- _Exercise details_
Find "FILE - This" below and begin at its line; stop after the line with "Dimensions of Lamp". Output those lines exactly, without pictures.

- _Stored data_
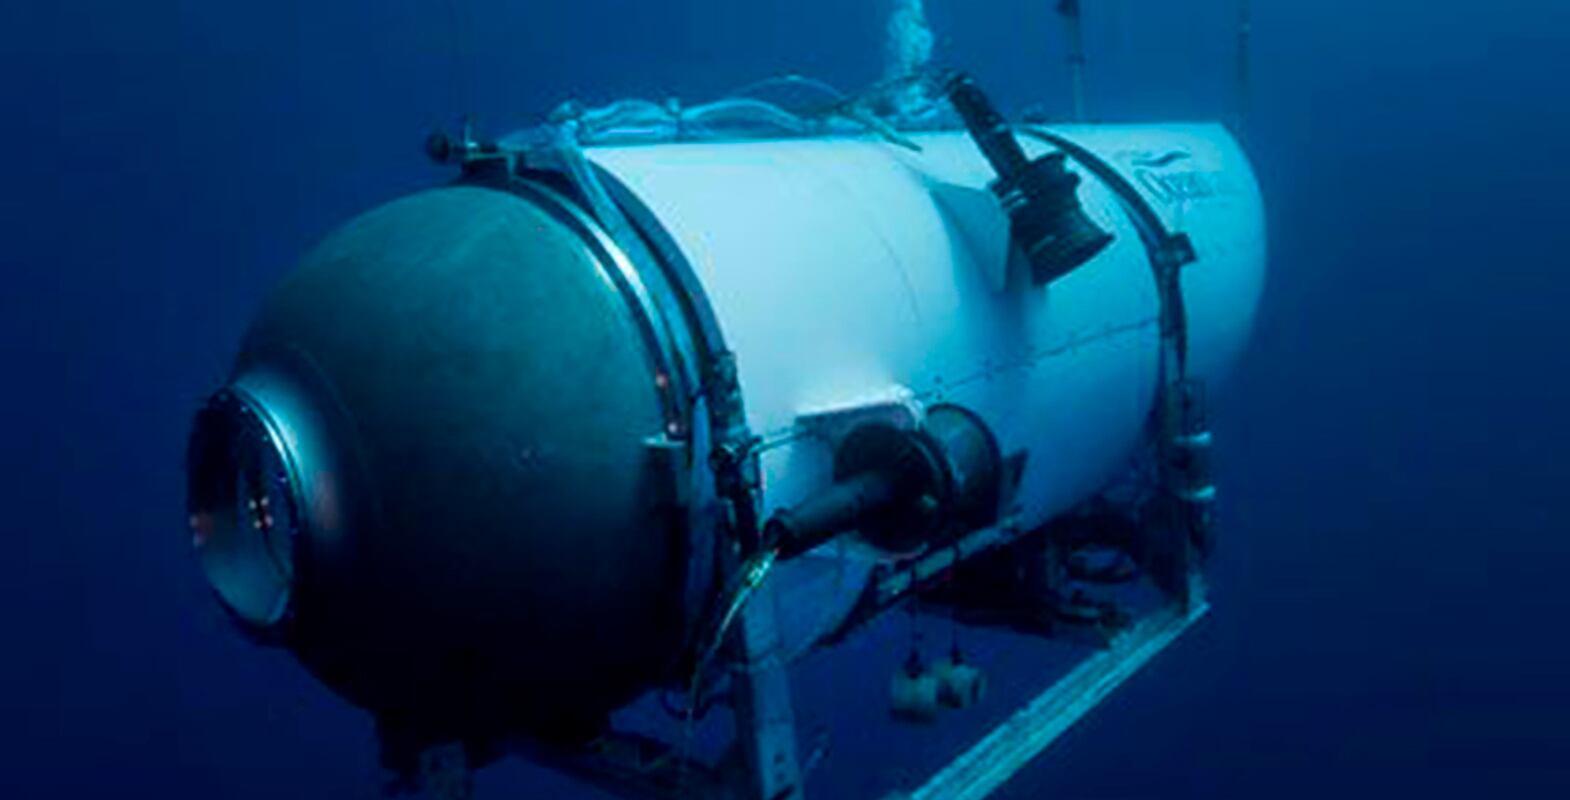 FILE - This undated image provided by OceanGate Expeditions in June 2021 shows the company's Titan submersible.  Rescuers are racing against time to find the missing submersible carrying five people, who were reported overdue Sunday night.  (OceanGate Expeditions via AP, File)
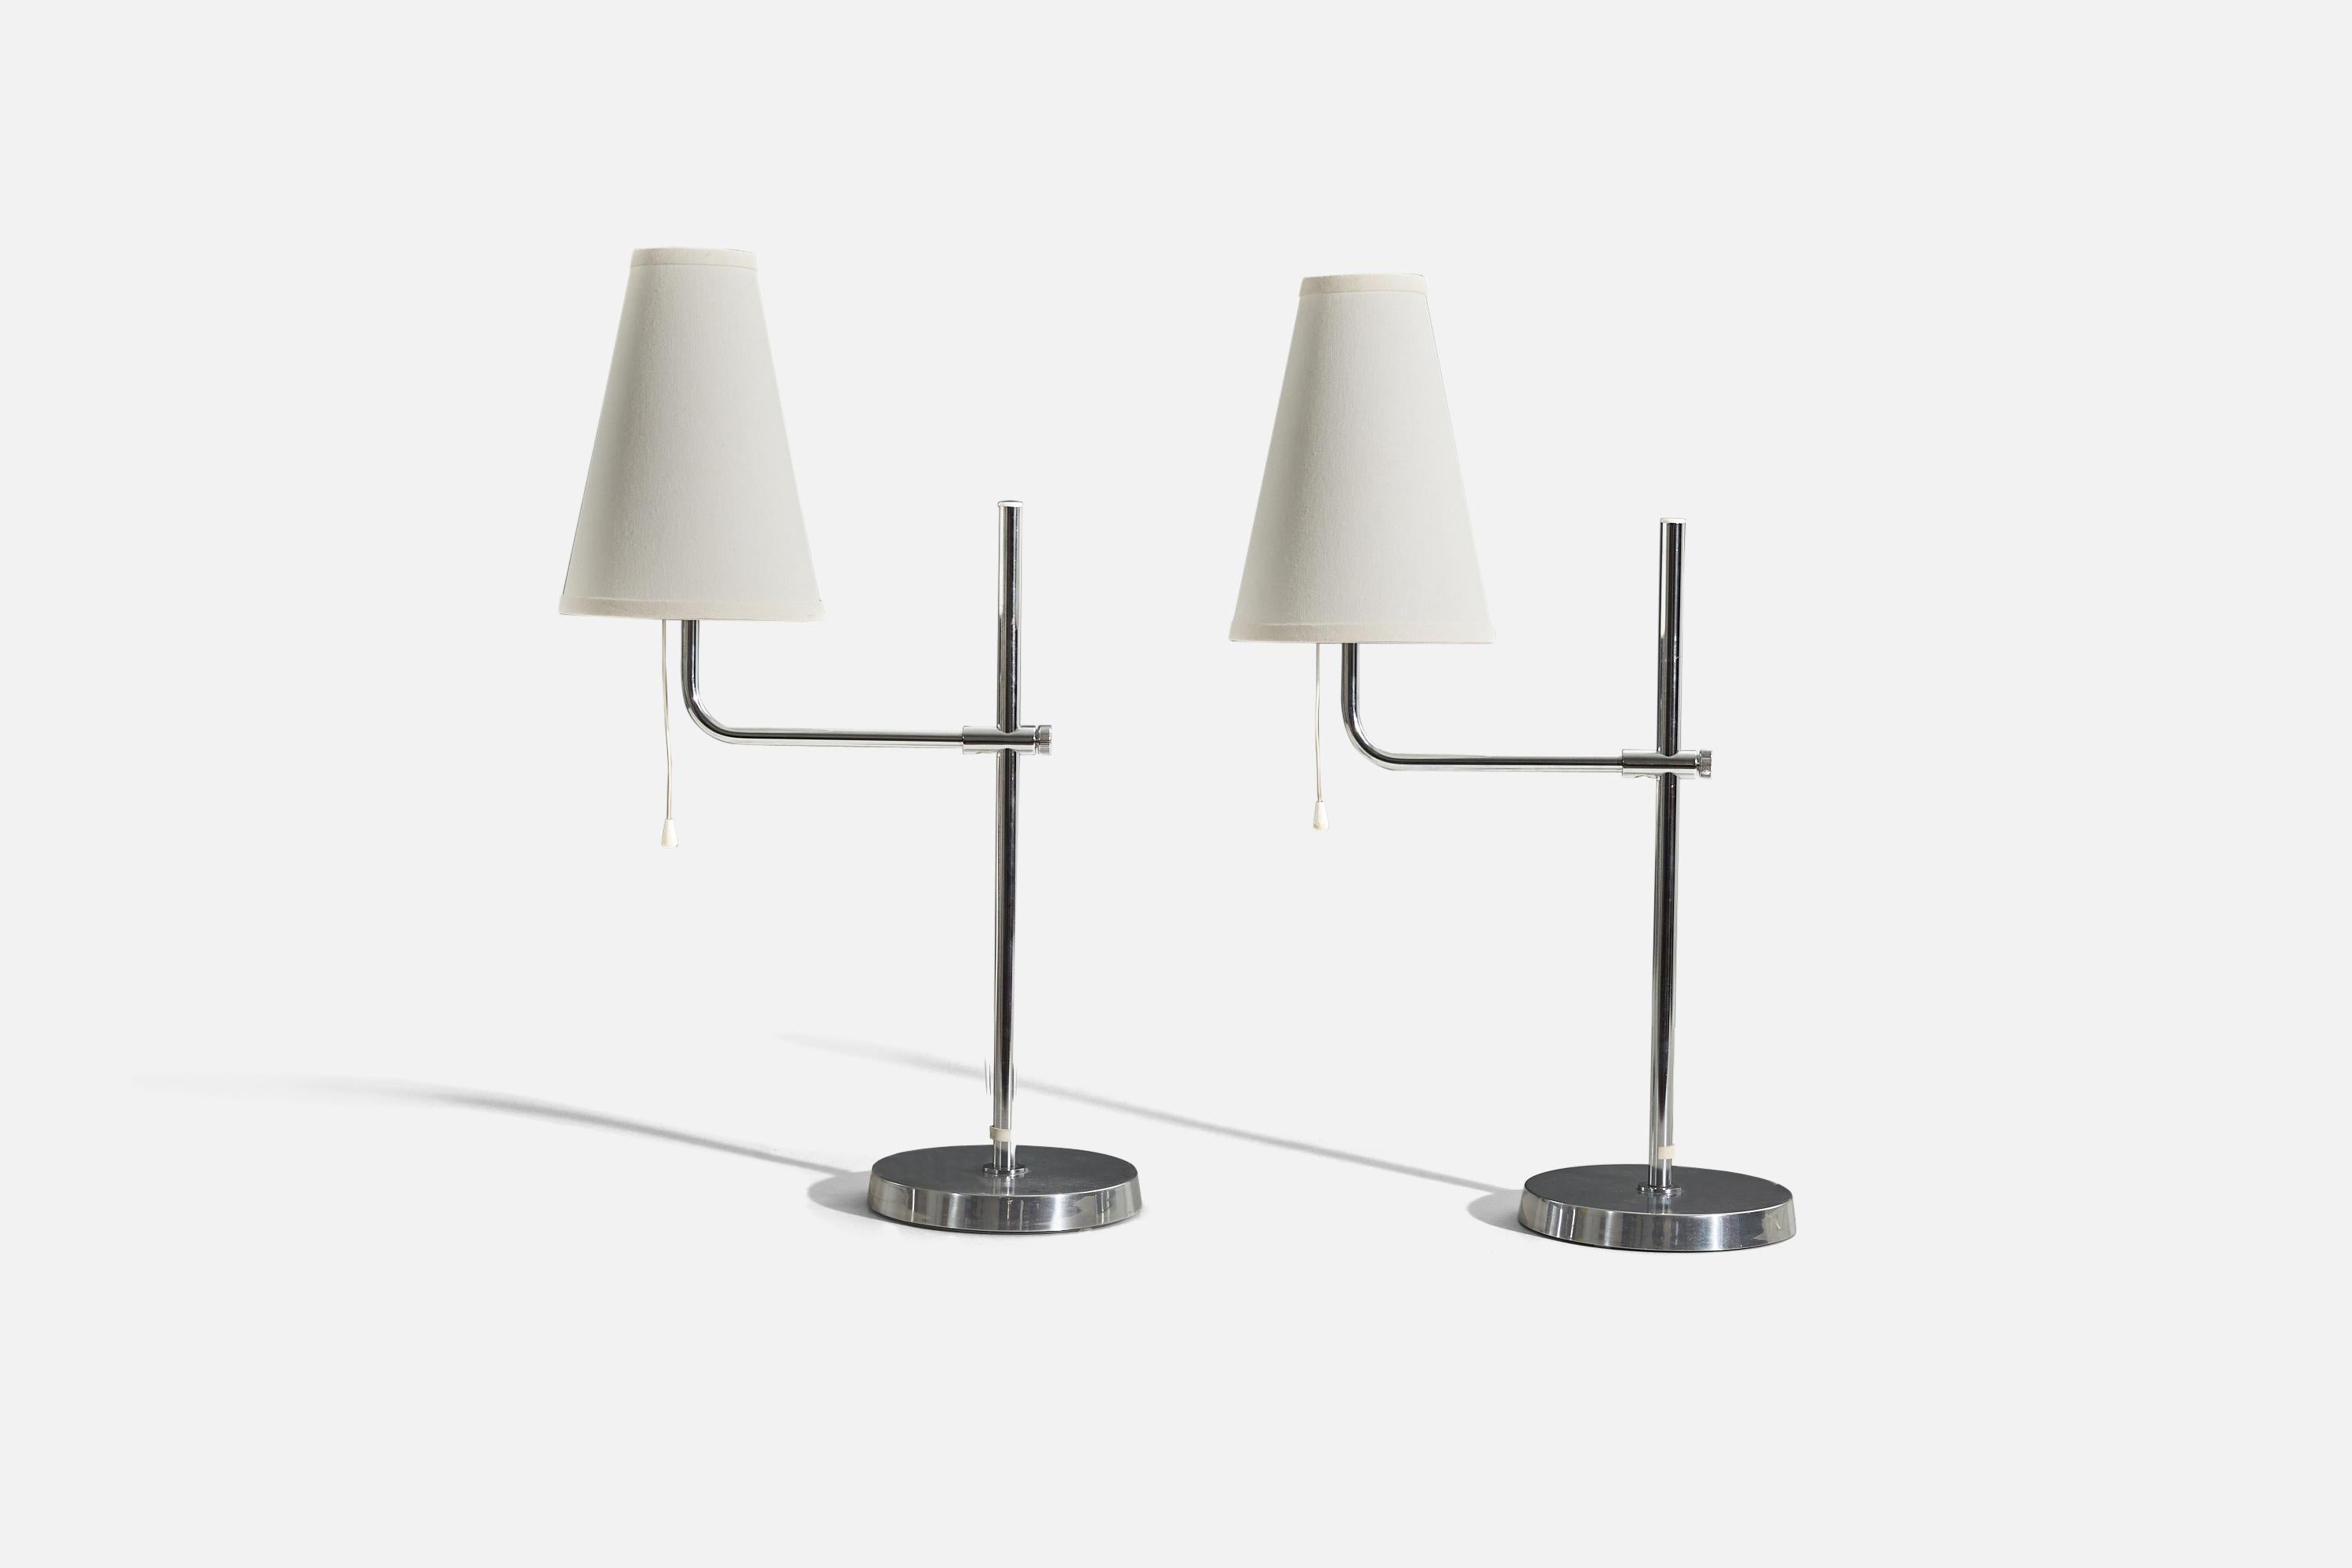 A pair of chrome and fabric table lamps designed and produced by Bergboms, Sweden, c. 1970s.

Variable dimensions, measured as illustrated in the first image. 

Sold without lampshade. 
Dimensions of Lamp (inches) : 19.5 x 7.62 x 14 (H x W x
---
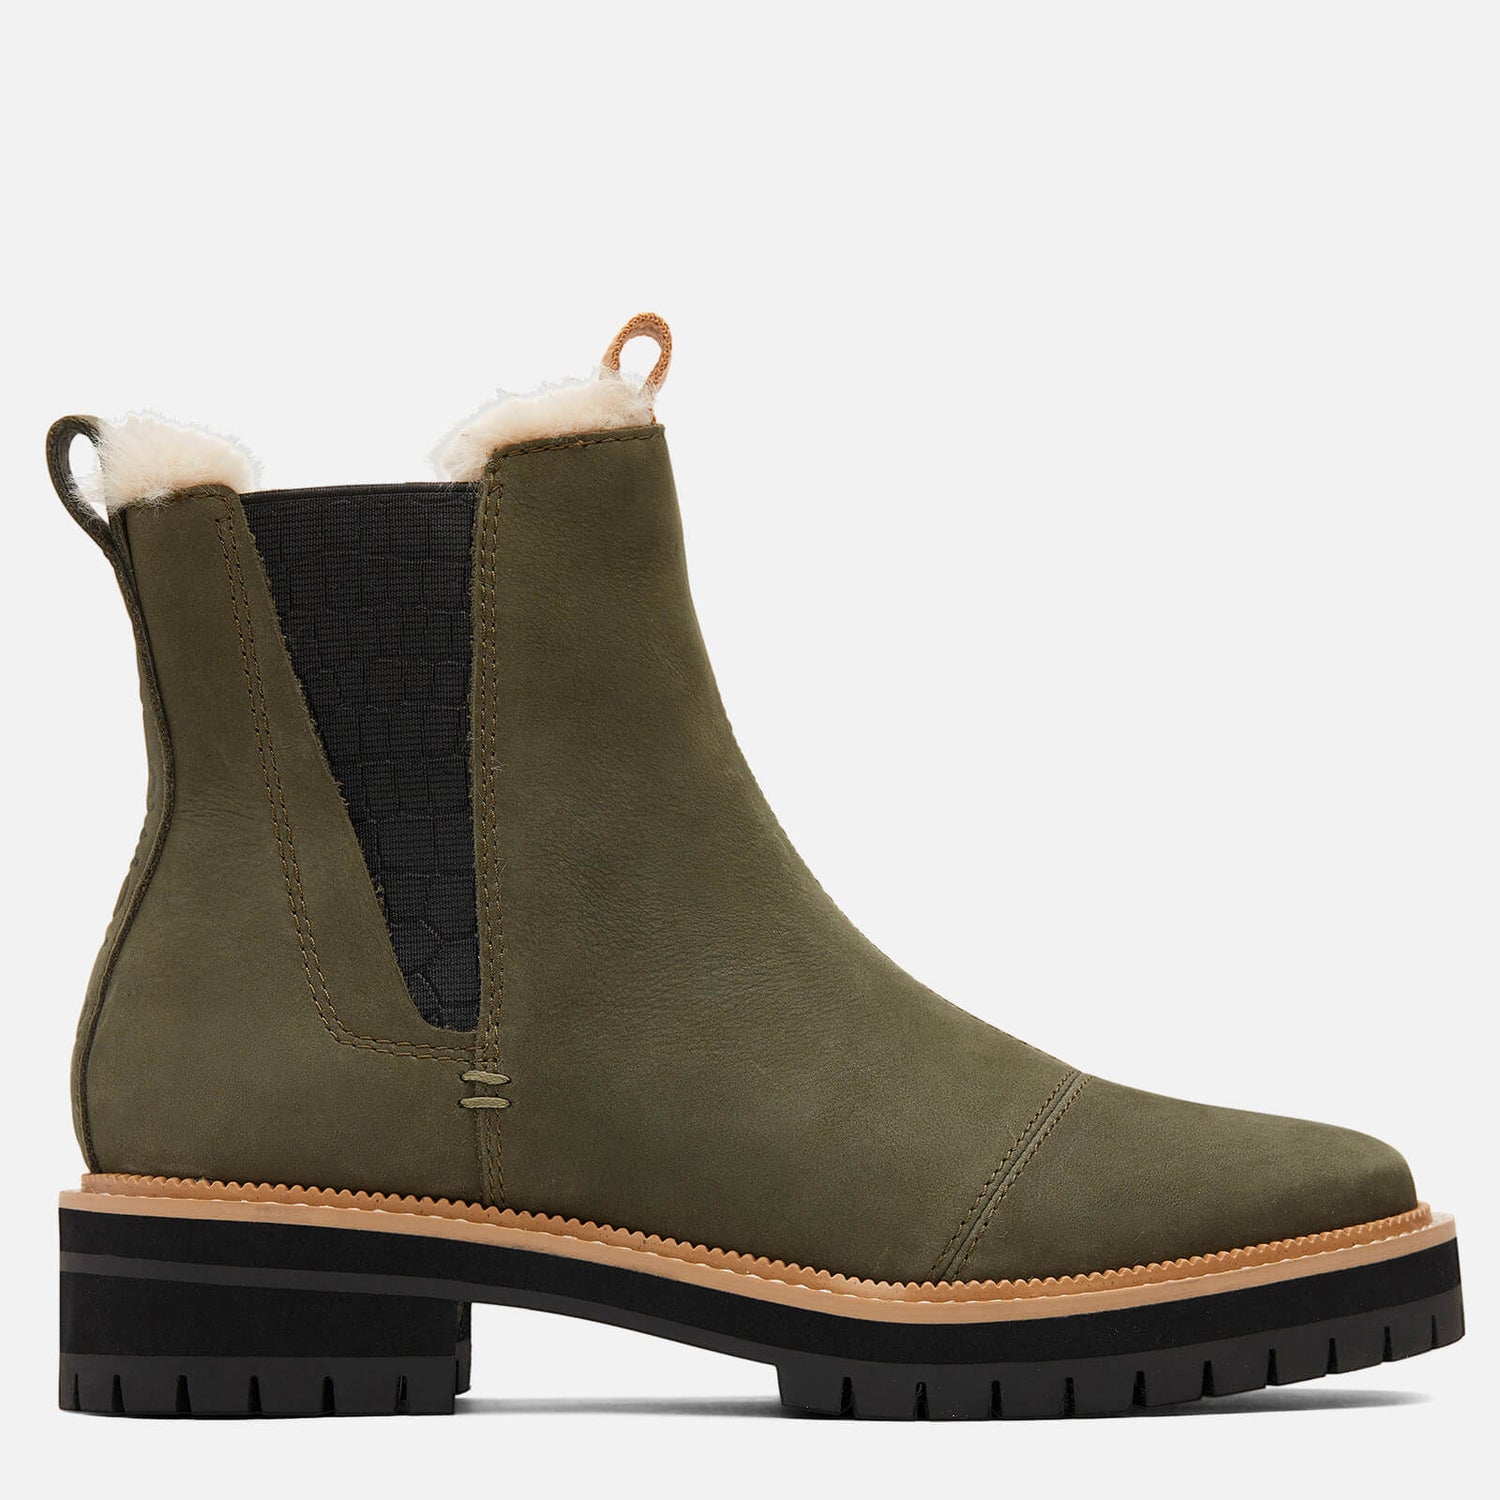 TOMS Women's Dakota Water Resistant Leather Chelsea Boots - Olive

- _Response to the task_
 FILE - This undated image provided by OceanGate Expeditions in June 2021 shows the company's Titan submersible.  Rescuers are racing against time to find the missing submersible carrying five people, who were reported overdue Sunday night.  (OceanGate Expeditions via AP, File)
 A pair of chrome and fabric table lamps designed and produced by Bergboms, Sweden, c. 1970s.

Variable dimensions, measured as illustrated in the first image. 

Sold without lampshade. 
Dimensions of Lamp (inches) : 19.5 x 7.62 x 14 (H x W x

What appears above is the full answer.